Витя что-то залопотал в ответ, но голос Видаля – оцененный даже Порше – прозвучал в этом маленьком мирке под шиферной крышей более чем весомо:

– Витя, я хочу снова быть собой, ты понял? По-твоему, я Игги Поп?!

Порше никогда не стала бы обсуждать с менеджером свои дела вот так, прилюдно. Она считала, что окружающим ни к чему слушать такие вещи, поэтому допила свой сок и пошла в гримерку. Ей сказали, что снимать ее будут, по крайней мере, через пару часов, не раньше.

Но это случилось не через пару часов, а только вечером, перед закатом солнца. Она шла на камеру и смотрела на софит. Чуть не ослепла. Надо будет впредь в контрактах даже вот такие вещи прописывать. А для этого сначала требовать сценарий клипа или рекламного ролика. Ведь ее будут приглашать и для съемки в рекламных роликах. Но лучше бы чаще звали за границу!

Всех, кто работал над клипом, после съемок позвали в ресторан.

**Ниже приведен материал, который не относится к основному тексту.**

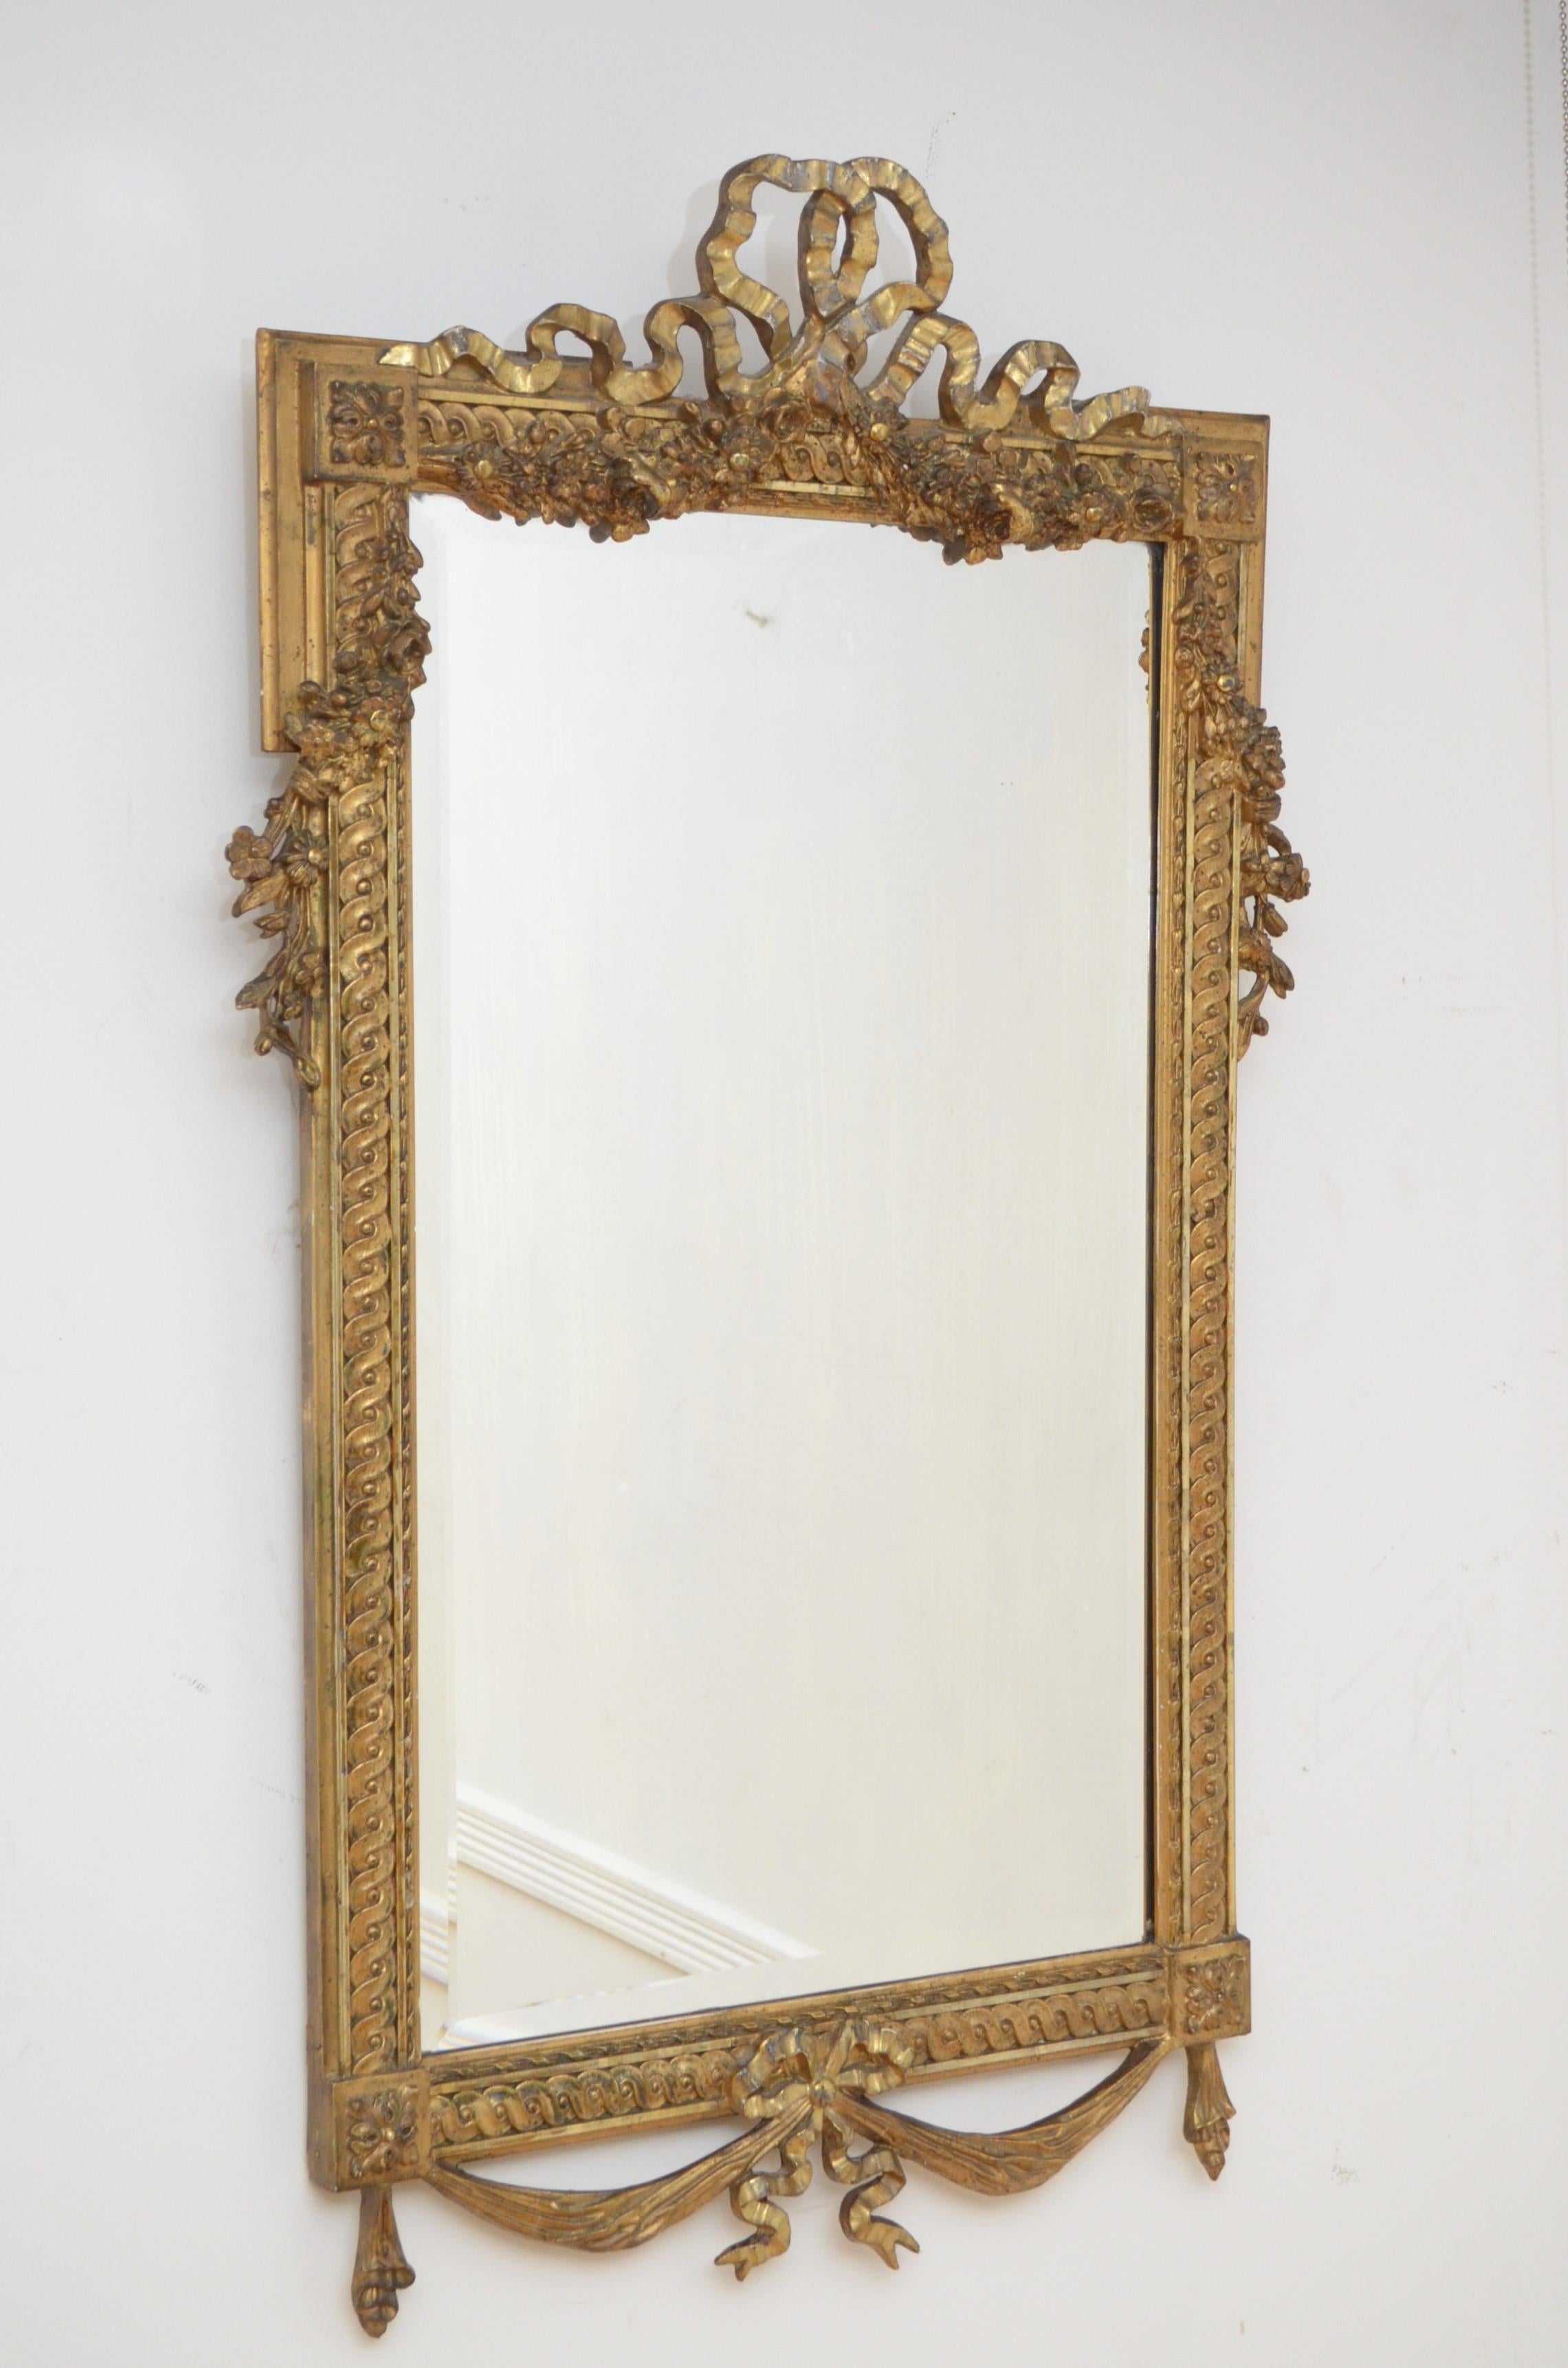 k00160 Elaborate early 20th century giltwood wall mirror, having original bevelled edge glass with some imperceptions in beautifully carved frame with swags to the base and bow crest to the top flanked by extensive floral decoration. This antique

Причем в «Джаз». В другое место Порше не пошла бы.

Правда, рокеры были одеты безобразно, даже не потрудились привести себя в порядок после целого дня на поле, в жару. Потные, в джинсах, в каких-то пыльных тапках – в таком виде эти придурки вломились в лучший ресторан города. Порше с Катей вошли вместе с ними, хоть и чувствовали себя, мягко говоря, неловко.

Самое странное, что группу и всех остальных встретил сам владелец ресторана, проводил в ВИП-зал, посадил за уже накрытые столы. Видаль оказался напротив Порше. Вечером он выглядел явно лучше и при ближайшем рассмотрении оказался намного приятнее. Да и выпивка ему на пользу пошла.

Порше тут же вспомнила своего собственного отца, умершего пять лет назад, когда она была еще совсем ребенком. Папа тоже добрел от водки, становился почти даже человеком. В остальное время он ненавидел всех вокруг.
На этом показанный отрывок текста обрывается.